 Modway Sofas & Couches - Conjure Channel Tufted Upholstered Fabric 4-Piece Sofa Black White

- - -

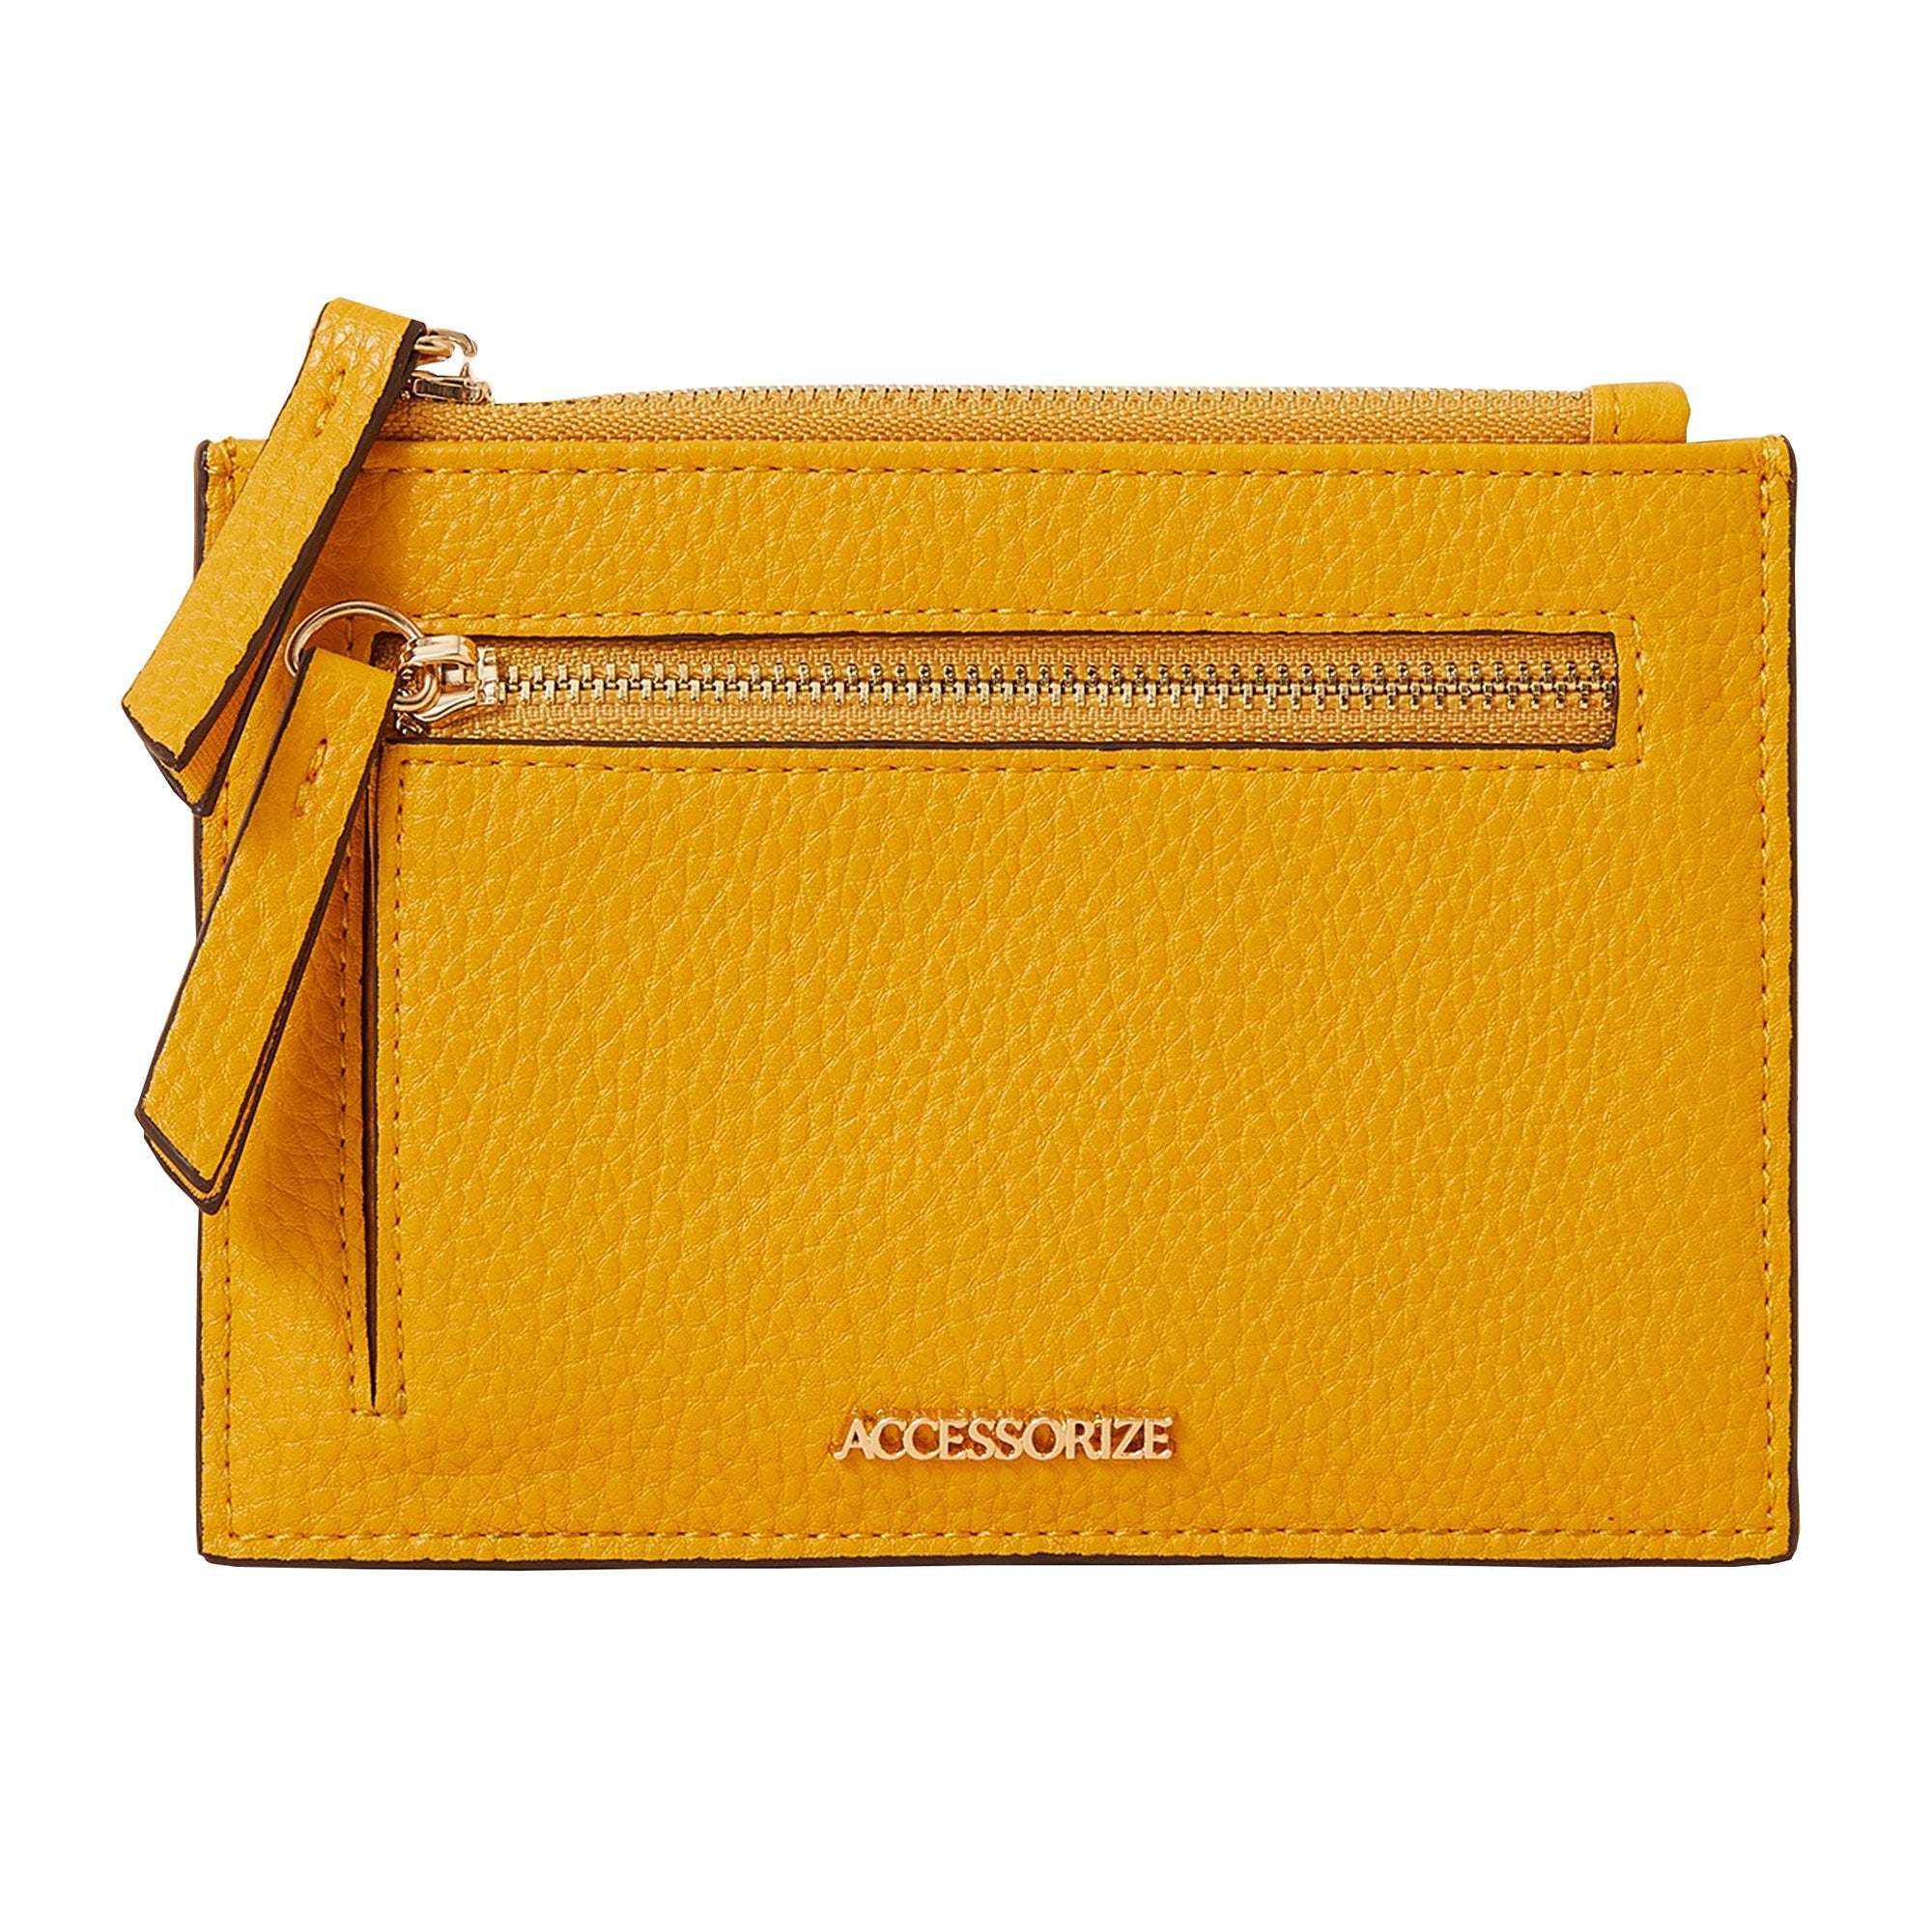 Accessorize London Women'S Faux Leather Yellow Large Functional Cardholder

- - -

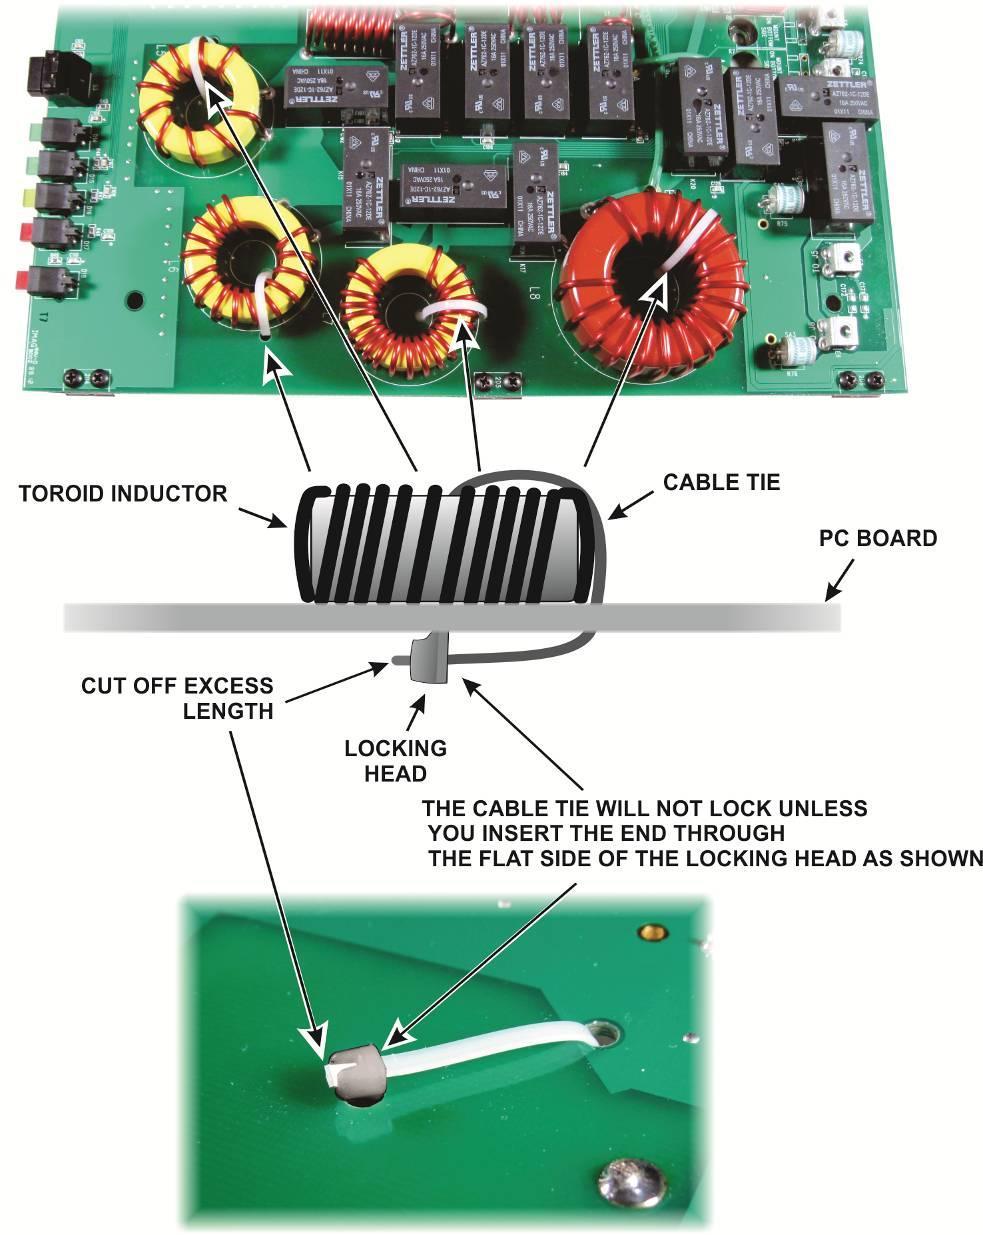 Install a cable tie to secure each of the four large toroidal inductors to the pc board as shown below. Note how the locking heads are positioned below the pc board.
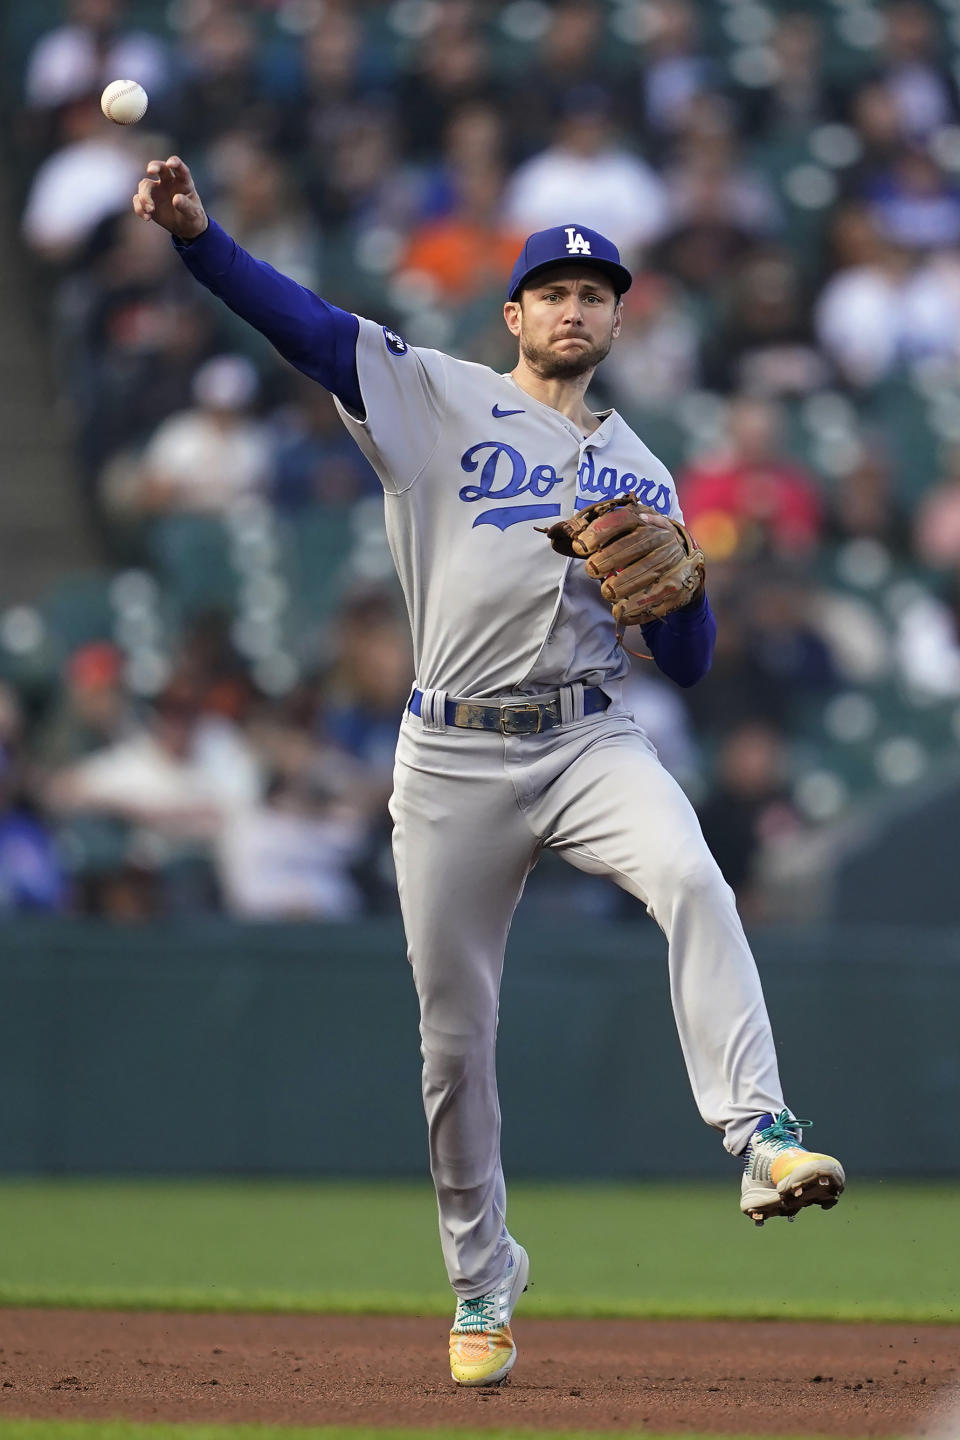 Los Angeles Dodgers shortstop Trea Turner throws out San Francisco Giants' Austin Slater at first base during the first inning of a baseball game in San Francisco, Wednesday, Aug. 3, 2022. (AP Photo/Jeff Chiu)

- - -

--- Problem to solve ---
Start at the line containing "Install a cable" above and stop at the line containing "Los Angeles Dodgers". Output those lines exactly, both included, but none of the pictures.

--- Solution to the exercise ---
 Install a cable tie to secure each of the four large toroidal inductors to the pc board as shown below. Note how the locking heads are positioned below the pc board.
 Los Angeles Dodgers shortstop Trea Turner throws out San Francisco Giants' Austin Slater at first base during the first inning of a baseball game in San Francisco, Wednesday, Aug. 3, 2022. (AP Photo/Jeff Chiu)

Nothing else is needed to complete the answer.